Where the line with "Activitats per al" appears below, start writing out lines exactly, and finish with the line with "Tende veneziane di", which is included; write out nothing else.

*** Opening Data to examine ***

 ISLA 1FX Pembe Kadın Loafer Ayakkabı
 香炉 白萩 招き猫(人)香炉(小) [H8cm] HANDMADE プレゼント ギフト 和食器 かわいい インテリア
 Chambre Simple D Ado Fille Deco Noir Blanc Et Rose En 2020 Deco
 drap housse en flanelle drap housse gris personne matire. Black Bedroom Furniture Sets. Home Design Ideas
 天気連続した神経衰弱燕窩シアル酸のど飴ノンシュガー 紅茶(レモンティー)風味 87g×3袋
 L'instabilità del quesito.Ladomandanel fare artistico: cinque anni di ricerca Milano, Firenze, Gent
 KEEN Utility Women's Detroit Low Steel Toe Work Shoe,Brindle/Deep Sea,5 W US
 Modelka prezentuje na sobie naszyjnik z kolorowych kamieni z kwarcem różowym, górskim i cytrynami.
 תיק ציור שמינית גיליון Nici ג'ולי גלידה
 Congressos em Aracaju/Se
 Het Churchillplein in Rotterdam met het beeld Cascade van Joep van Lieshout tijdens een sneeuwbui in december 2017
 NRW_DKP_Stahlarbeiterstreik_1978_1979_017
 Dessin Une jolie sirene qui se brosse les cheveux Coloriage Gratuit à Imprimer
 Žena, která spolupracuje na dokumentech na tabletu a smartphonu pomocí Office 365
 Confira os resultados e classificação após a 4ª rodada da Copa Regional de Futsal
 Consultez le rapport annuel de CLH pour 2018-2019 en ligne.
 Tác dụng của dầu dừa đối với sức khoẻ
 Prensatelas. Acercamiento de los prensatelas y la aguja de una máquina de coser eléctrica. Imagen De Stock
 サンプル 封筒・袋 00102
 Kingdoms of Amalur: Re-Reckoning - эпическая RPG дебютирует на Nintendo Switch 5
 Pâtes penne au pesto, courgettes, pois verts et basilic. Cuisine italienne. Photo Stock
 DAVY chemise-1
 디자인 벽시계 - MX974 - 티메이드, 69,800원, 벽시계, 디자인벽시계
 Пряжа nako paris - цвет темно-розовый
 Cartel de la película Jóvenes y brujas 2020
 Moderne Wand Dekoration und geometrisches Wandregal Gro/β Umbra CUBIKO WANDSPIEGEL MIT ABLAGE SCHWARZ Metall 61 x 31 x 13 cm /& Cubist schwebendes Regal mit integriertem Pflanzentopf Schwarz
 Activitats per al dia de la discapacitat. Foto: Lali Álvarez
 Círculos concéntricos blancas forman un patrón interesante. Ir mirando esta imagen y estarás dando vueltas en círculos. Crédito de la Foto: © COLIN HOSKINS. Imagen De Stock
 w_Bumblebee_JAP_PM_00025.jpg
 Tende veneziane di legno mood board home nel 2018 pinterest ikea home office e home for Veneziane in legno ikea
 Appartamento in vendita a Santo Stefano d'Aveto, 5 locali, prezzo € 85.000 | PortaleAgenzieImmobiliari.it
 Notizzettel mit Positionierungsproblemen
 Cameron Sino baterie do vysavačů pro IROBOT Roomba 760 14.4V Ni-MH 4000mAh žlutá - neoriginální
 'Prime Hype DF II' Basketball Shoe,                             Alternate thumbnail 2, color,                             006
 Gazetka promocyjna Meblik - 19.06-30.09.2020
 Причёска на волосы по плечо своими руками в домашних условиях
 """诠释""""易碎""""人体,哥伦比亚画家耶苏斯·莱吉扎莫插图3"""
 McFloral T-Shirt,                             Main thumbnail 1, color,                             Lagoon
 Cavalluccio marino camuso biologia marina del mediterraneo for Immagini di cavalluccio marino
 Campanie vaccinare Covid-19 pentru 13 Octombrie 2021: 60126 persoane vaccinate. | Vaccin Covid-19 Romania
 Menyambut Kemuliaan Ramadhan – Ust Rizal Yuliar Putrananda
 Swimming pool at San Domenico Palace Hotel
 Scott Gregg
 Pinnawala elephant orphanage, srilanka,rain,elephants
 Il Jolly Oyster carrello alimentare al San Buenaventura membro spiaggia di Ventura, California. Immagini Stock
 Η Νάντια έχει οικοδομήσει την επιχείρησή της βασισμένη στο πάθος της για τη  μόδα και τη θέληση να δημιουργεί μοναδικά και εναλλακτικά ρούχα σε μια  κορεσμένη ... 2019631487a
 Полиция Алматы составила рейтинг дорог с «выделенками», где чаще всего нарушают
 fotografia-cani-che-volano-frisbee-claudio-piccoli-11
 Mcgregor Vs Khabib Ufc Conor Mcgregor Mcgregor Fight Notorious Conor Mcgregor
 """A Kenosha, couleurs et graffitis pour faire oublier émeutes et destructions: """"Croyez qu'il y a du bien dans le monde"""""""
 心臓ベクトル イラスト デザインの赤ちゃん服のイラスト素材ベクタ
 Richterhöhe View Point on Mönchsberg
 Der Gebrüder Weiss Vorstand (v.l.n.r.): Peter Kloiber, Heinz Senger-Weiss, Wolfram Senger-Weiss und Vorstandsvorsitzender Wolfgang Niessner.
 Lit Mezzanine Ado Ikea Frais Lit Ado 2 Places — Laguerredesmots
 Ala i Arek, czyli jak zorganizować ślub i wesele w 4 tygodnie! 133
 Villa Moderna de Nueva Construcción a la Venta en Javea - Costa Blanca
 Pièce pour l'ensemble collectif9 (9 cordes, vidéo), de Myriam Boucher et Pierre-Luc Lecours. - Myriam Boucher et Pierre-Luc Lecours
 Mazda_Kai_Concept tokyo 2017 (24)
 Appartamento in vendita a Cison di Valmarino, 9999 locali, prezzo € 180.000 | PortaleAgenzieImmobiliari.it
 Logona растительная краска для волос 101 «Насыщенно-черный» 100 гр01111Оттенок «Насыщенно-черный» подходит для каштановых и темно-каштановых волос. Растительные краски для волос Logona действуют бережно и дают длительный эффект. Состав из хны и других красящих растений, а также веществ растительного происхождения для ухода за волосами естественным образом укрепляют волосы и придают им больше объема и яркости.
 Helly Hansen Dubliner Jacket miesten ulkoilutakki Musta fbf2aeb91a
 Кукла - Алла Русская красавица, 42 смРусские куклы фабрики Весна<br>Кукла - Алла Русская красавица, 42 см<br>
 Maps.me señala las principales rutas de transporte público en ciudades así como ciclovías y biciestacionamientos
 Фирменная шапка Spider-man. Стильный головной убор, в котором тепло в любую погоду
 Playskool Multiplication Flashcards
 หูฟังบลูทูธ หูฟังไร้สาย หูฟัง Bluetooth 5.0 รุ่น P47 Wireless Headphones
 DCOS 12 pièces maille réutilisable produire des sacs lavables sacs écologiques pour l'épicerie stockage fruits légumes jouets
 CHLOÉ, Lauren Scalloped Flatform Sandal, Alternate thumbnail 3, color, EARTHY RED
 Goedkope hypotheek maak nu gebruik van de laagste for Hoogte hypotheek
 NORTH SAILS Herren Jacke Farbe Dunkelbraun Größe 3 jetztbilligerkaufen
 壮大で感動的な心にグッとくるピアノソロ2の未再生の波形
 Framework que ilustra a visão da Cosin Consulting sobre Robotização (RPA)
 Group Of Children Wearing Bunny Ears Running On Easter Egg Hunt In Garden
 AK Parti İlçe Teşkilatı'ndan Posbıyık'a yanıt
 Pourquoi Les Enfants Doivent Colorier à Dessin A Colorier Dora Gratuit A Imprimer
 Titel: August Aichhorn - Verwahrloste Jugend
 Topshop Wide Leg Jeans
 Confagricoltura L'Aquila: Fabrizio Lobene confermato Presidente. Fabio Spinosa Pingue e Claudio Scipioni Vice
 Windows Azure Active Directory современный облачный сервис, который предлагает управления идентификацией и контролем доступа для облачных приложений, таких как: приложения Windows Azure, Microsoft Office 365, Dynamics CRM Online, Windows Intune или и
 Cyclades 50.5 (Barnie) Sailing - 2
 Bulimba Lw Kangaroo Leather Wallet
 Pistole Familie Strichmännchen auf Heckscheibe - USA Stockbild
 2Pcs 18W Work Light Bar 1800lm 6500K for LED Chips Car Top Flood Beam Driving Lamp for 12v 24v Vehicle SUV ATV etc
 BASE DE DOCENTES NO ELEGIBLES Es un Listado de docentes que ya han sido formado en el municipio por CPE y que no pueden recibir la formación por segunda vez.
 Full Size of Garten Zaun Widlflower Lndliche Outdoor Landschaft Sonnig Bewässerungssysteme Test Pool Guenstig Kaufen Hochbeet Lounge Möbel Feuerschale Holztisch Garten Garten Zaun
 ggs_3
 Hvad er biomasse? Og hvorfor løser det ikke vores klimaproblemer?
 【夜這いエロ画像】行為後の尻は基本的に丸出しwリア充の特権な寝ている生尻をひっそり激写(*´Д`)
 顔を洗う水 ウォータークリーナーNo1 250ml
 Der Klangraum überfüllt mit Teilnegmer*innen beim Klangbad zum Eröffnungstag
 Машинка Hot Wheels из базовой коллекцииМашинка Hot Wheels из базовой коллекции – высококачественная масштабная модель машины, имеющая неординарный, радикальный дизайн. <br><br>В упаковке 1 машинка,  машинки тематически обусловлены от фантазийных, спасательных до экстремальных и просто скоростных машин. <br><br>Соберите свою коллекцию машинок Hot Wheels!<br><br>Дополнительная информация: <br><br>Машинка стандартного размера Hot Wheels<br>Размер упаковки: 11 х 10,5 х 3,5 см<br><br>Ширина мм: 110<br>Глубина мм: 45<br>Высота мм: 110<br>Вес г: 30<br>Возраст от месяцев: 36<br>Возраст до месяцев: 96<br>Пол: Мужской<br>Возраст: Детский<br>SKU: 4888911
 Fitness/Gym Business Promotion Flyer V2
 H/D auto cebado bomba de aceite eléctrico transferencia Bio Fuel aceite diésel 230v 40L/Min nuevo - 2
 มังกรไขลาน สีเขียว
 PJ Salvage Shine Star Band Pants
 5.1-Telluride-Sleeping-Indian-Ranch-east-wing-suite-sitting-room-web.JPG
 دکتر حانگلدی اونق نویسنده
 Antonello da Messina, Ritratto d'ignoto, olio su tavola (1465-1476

*** Closing Data to examine ***

# Result for this task
 Activitats per al dia de la discapacitat. Foto: Lali Álvarez
 Círculos concéntricos blancas forman un patrón interesante. Ir mirando esta imagen y estarás dando vueltas en círculos. Crédito de la Foto: © COLIN HOSKINS. Imagen De Stock
 w_Bumblebee_JAP_PM_00025.jpg
 Tende veneziane di legno mood board home nel 2018 pinterest ikea home office e home for Veneziane in legno ikea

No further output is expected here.